### Work item
Where the listing shows an image, skip it and output all other material unchanged.

### Data extract
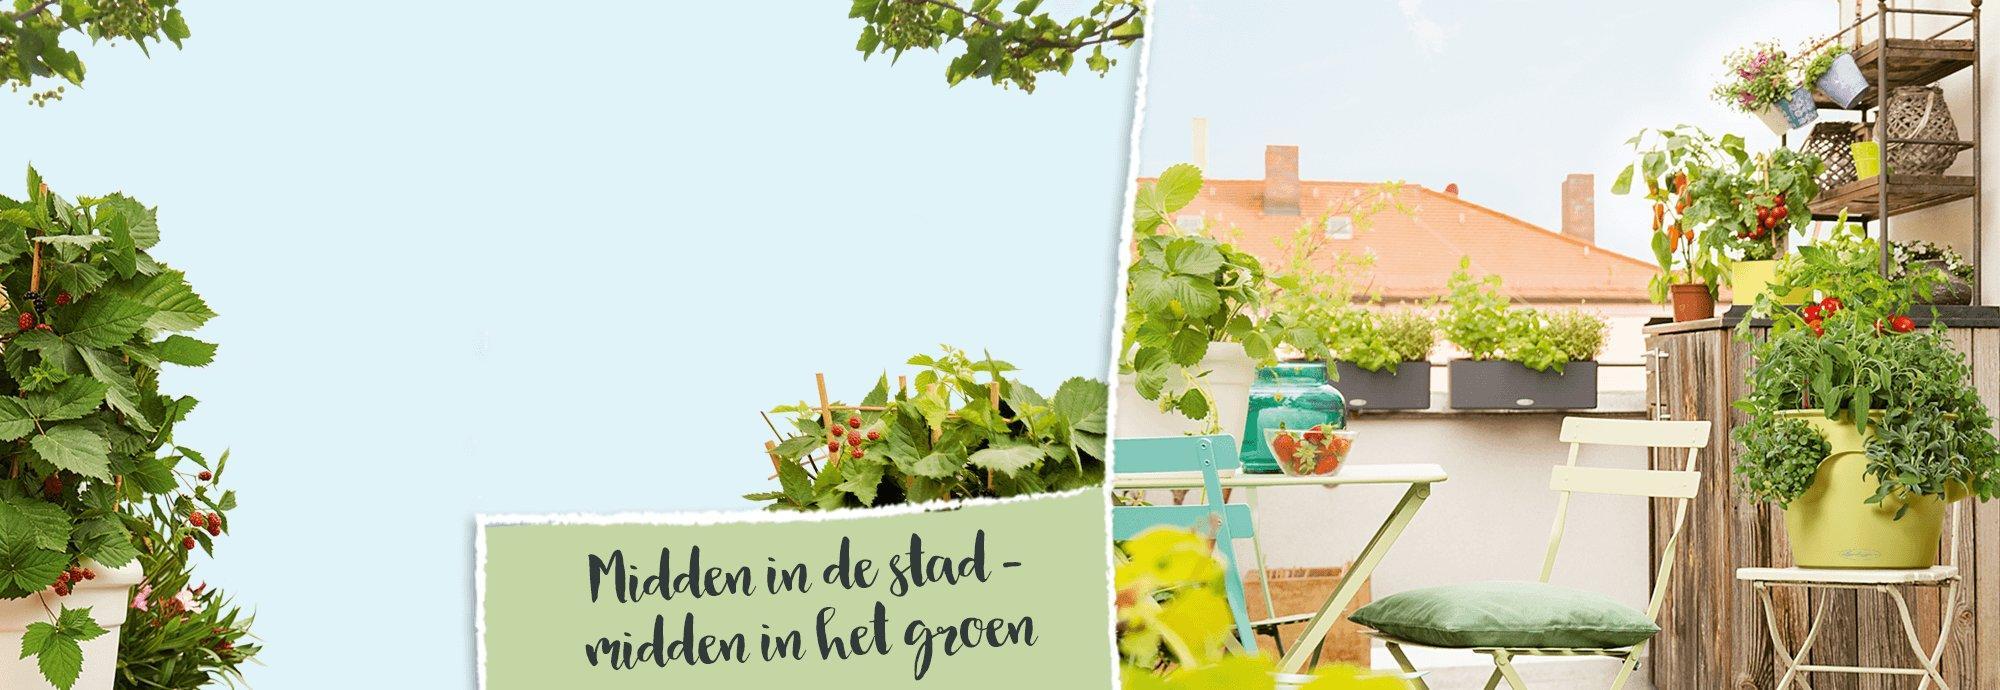 hero_banner_urban_gardening_nl
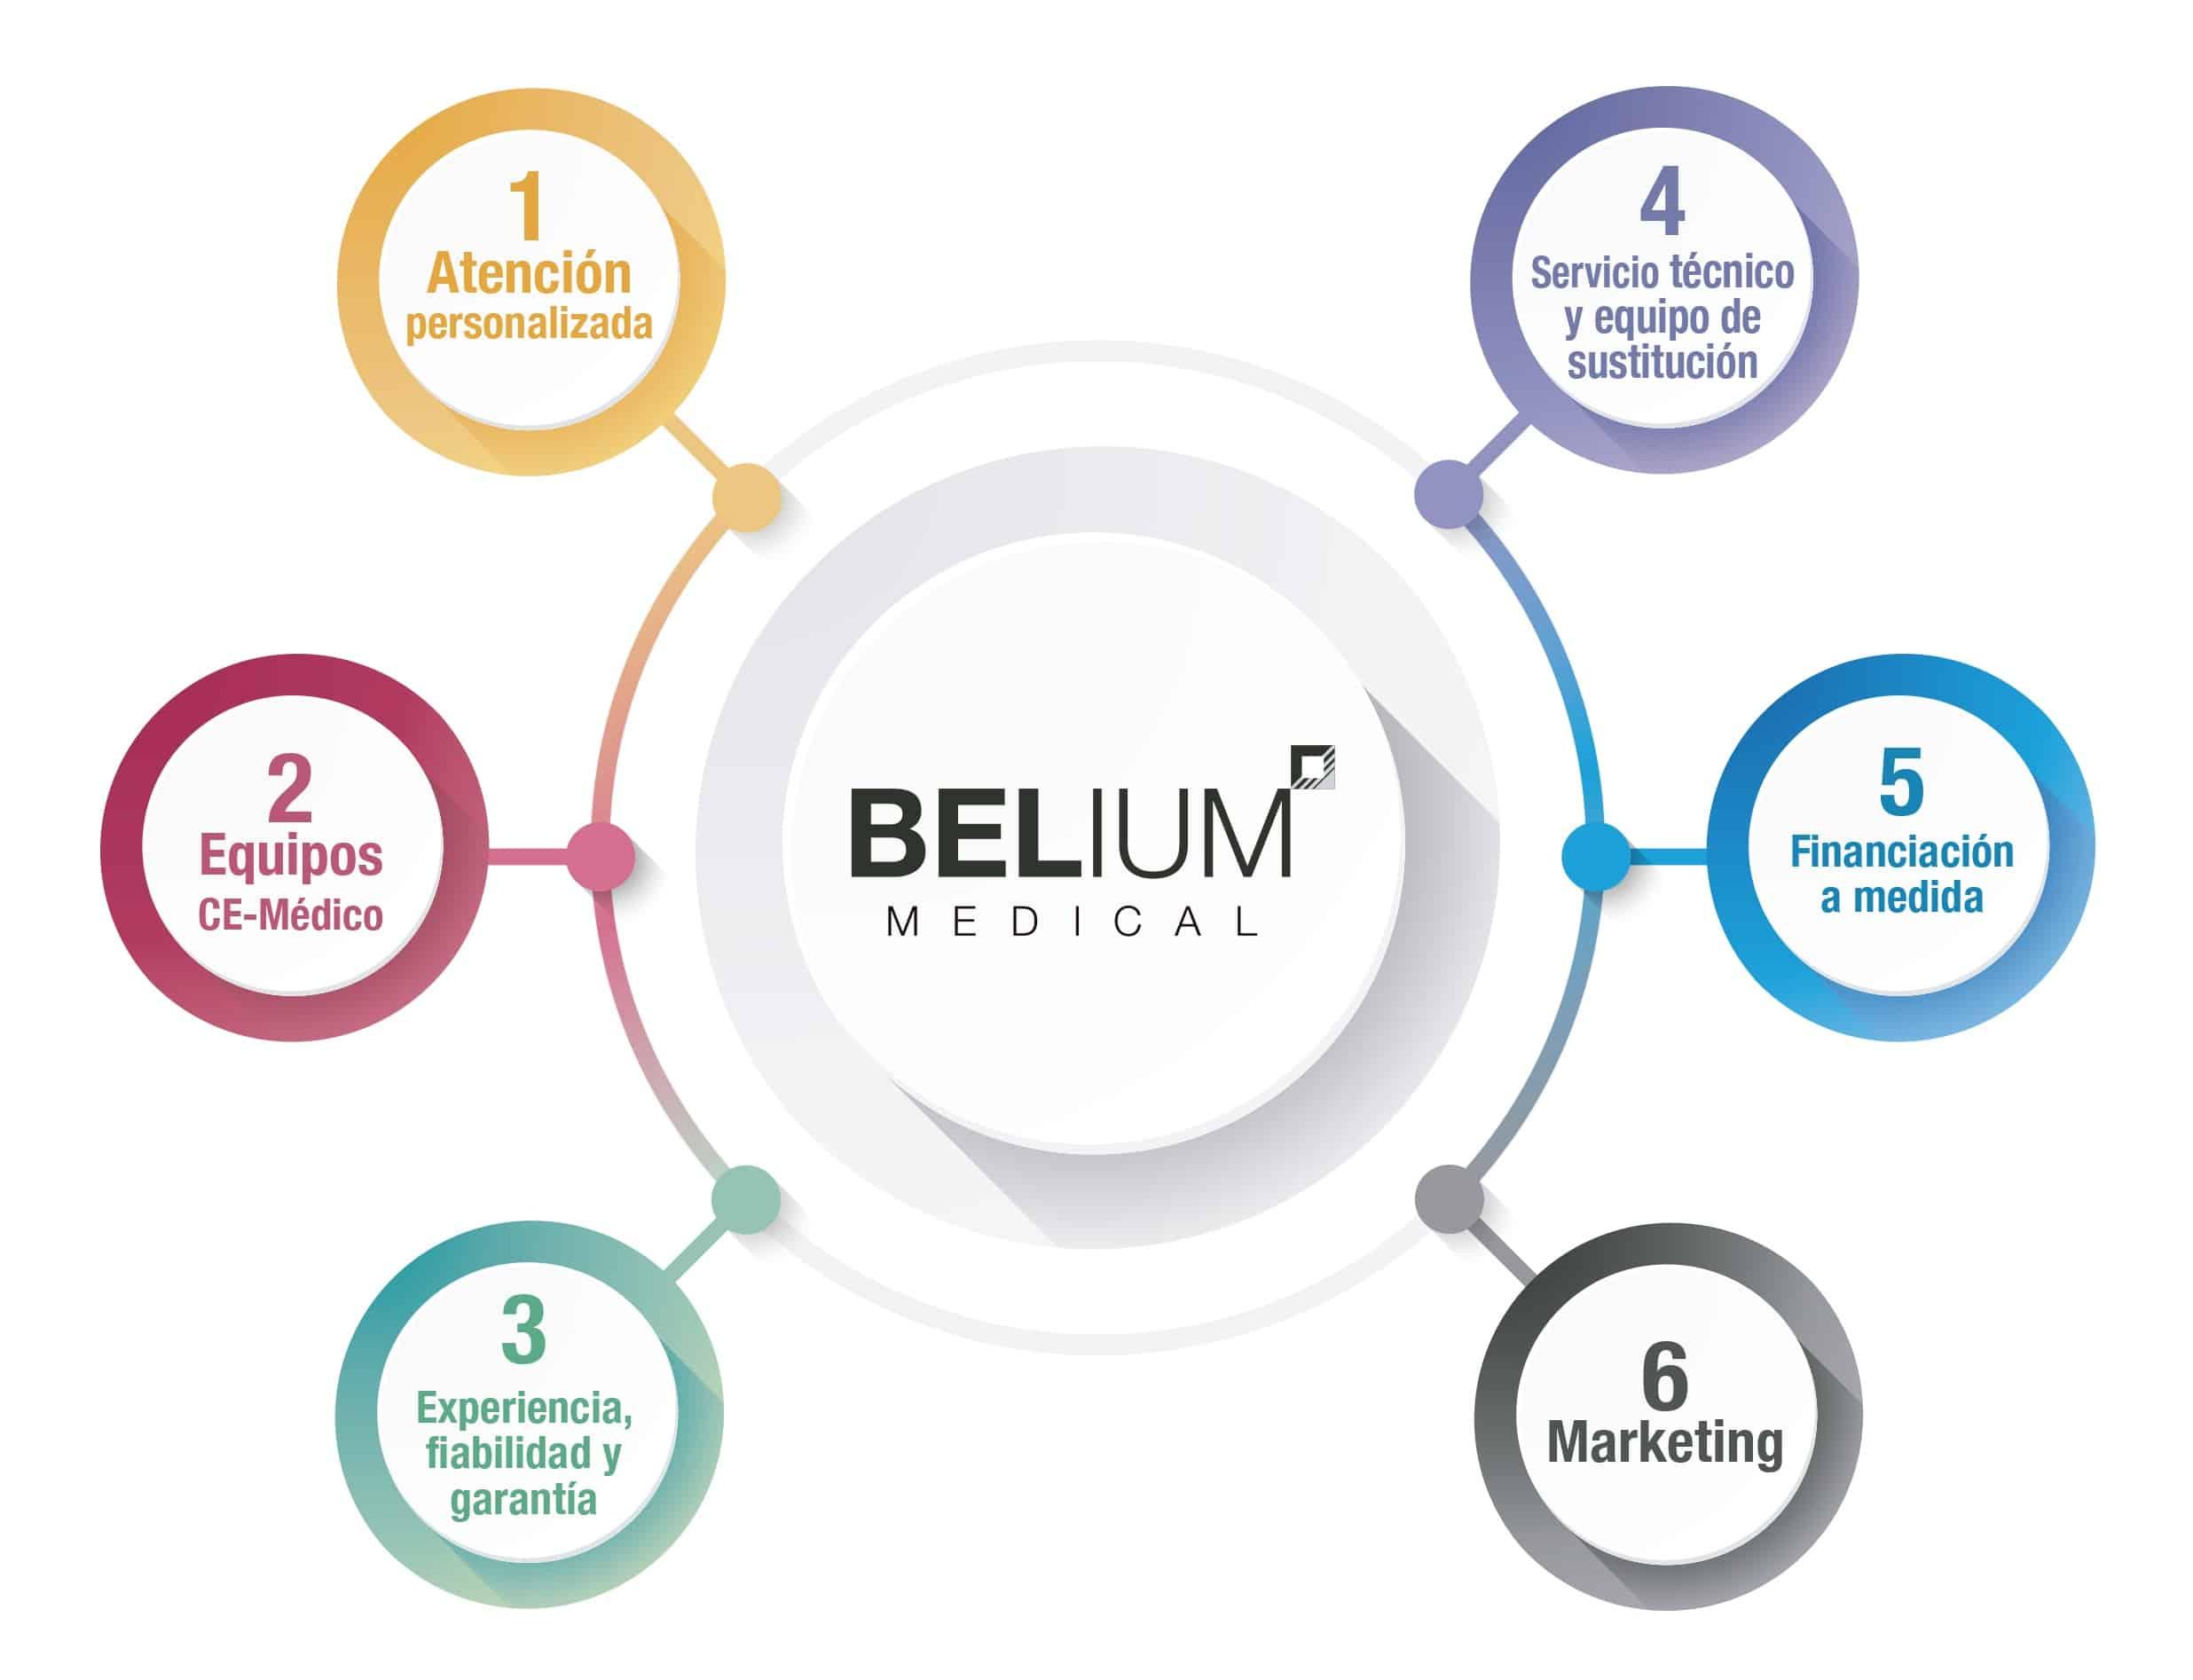 belium medical aparatología distribuidor gijon asturias medicina estetica laser belleza dermatología fisioterapia
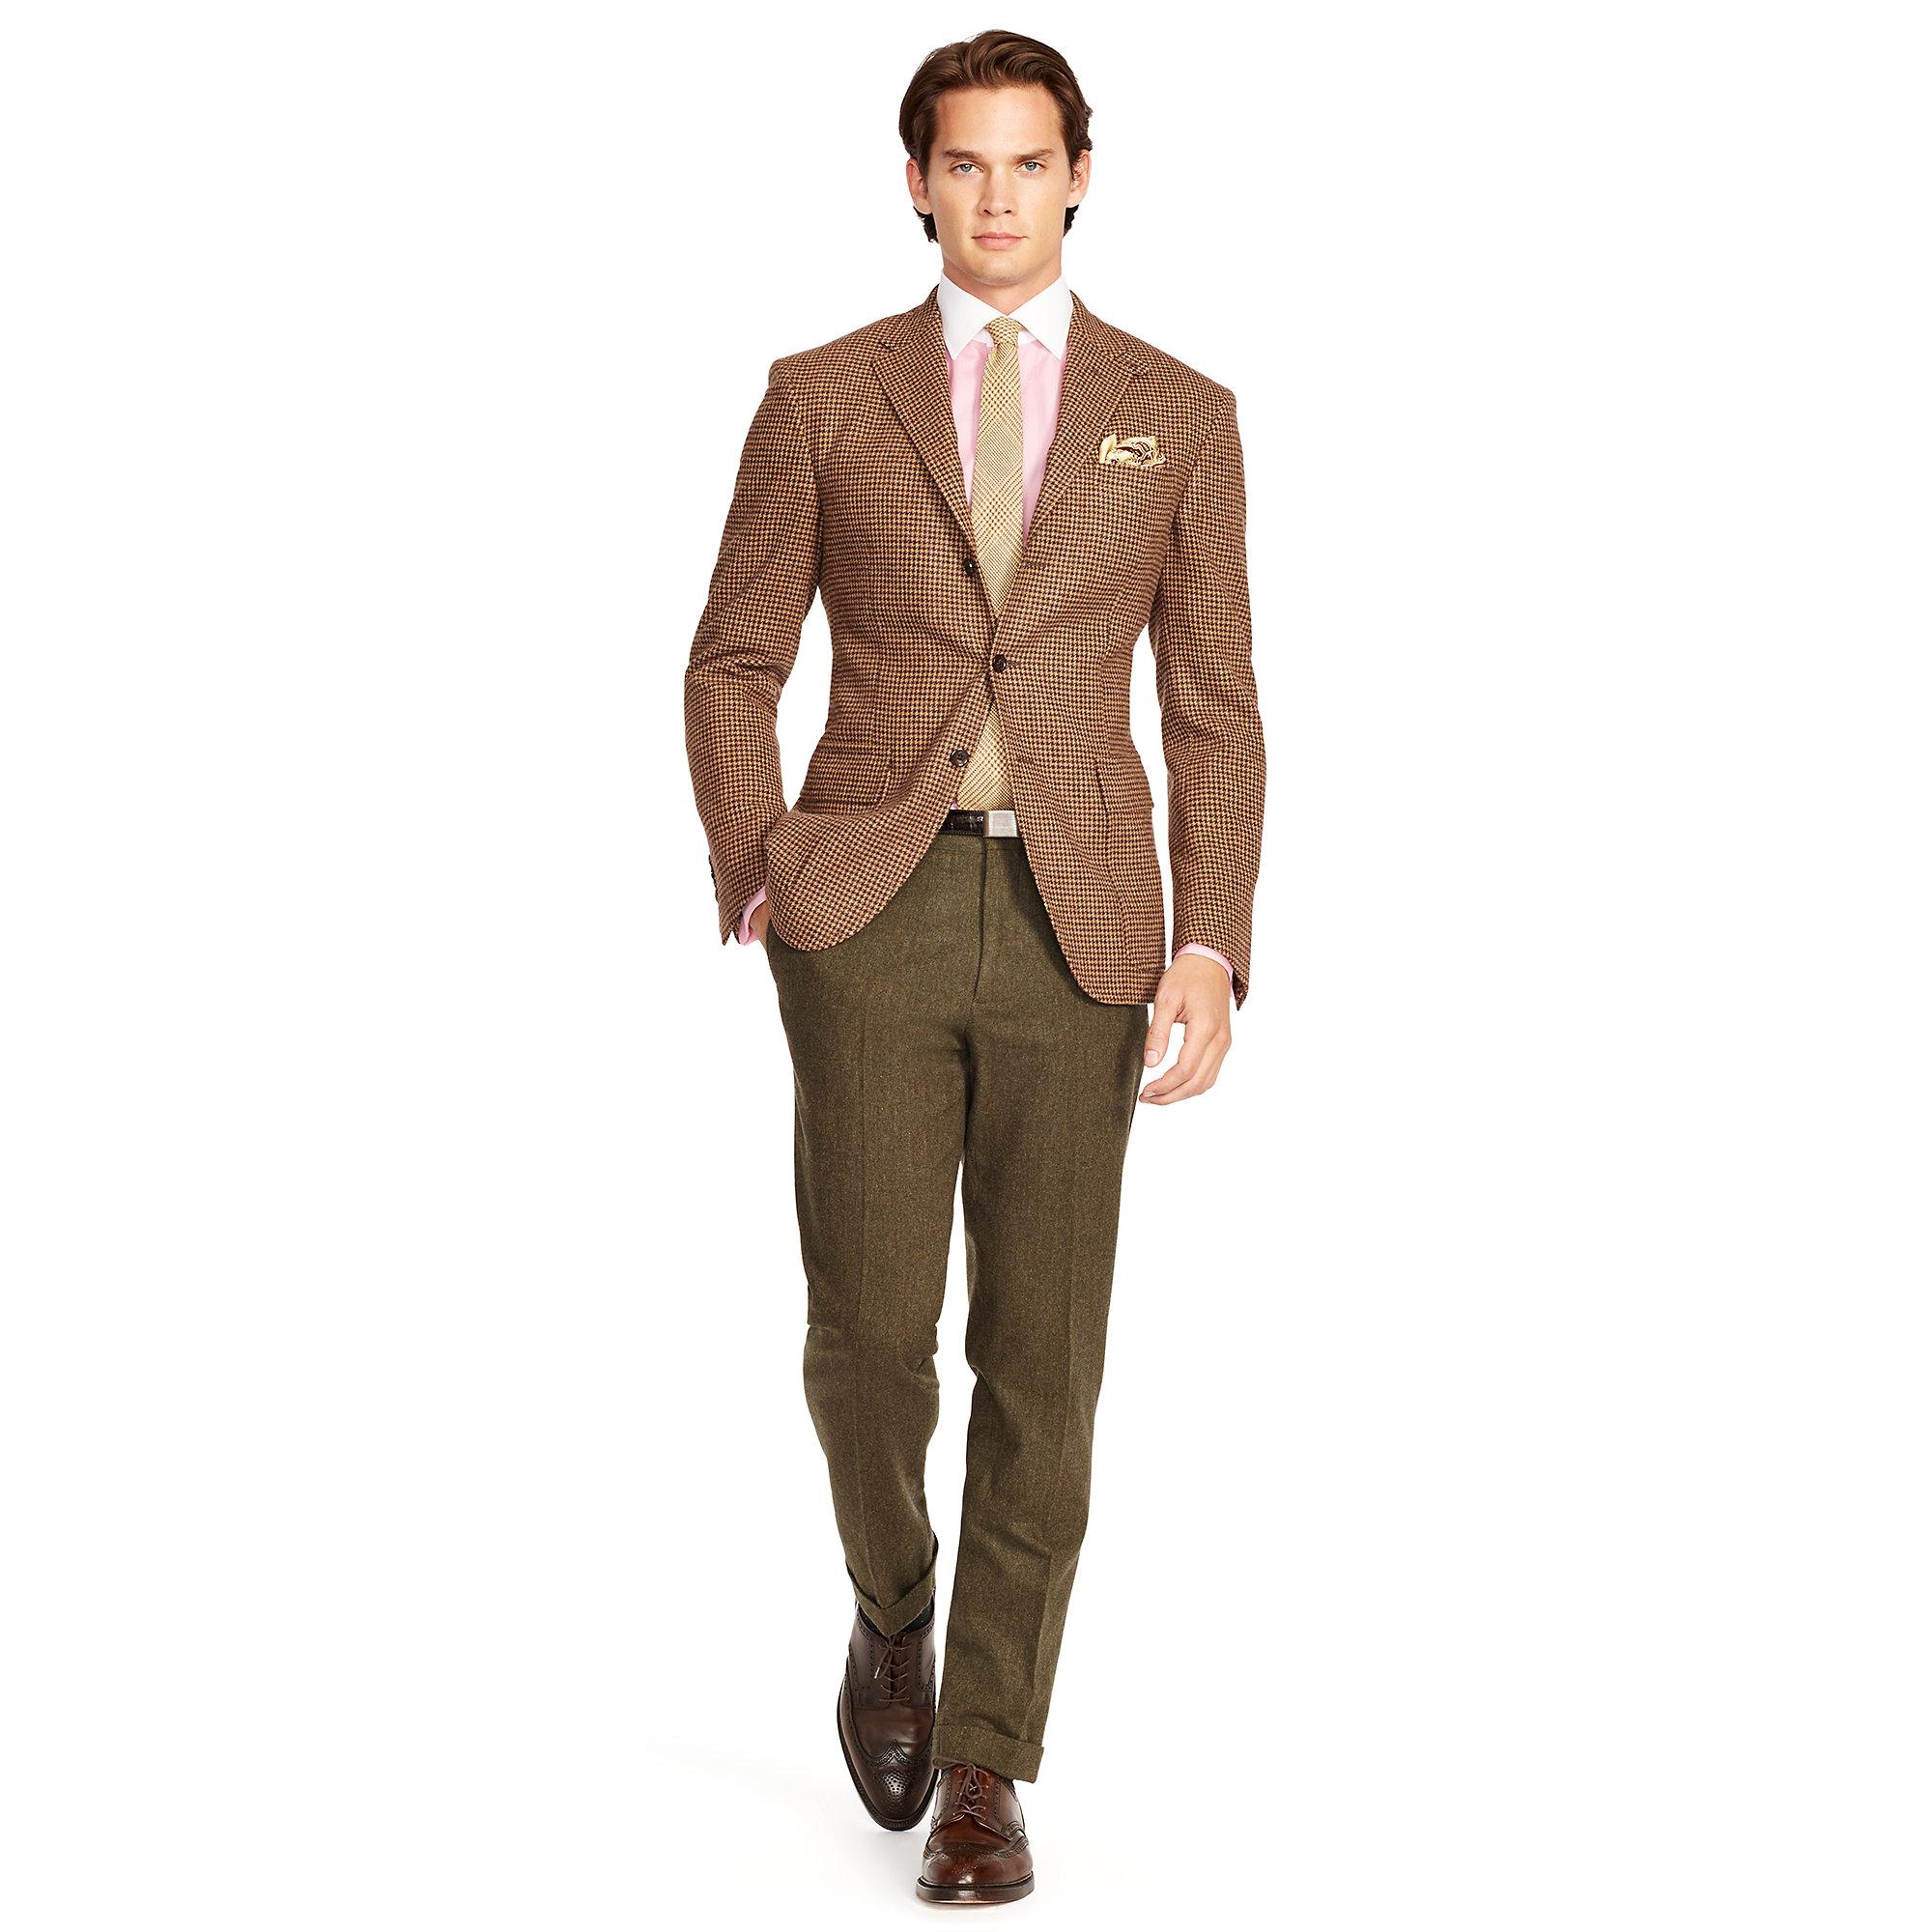 0c2dc6164a9 Lyst - Polo Ralph Lauren Slim-fit Herringbone Trouser in Brown for Men

### Task response
 hero_banner_urban_gardening_nl
 belium medical aparatología distribuidor gijon asturias medicina estetica laser belleza dermatología fisioterapia
 0c2dc6164a9 Lyst - Polo Ralph Lauren Slim-fit Herringbone Trouser in Brown for Men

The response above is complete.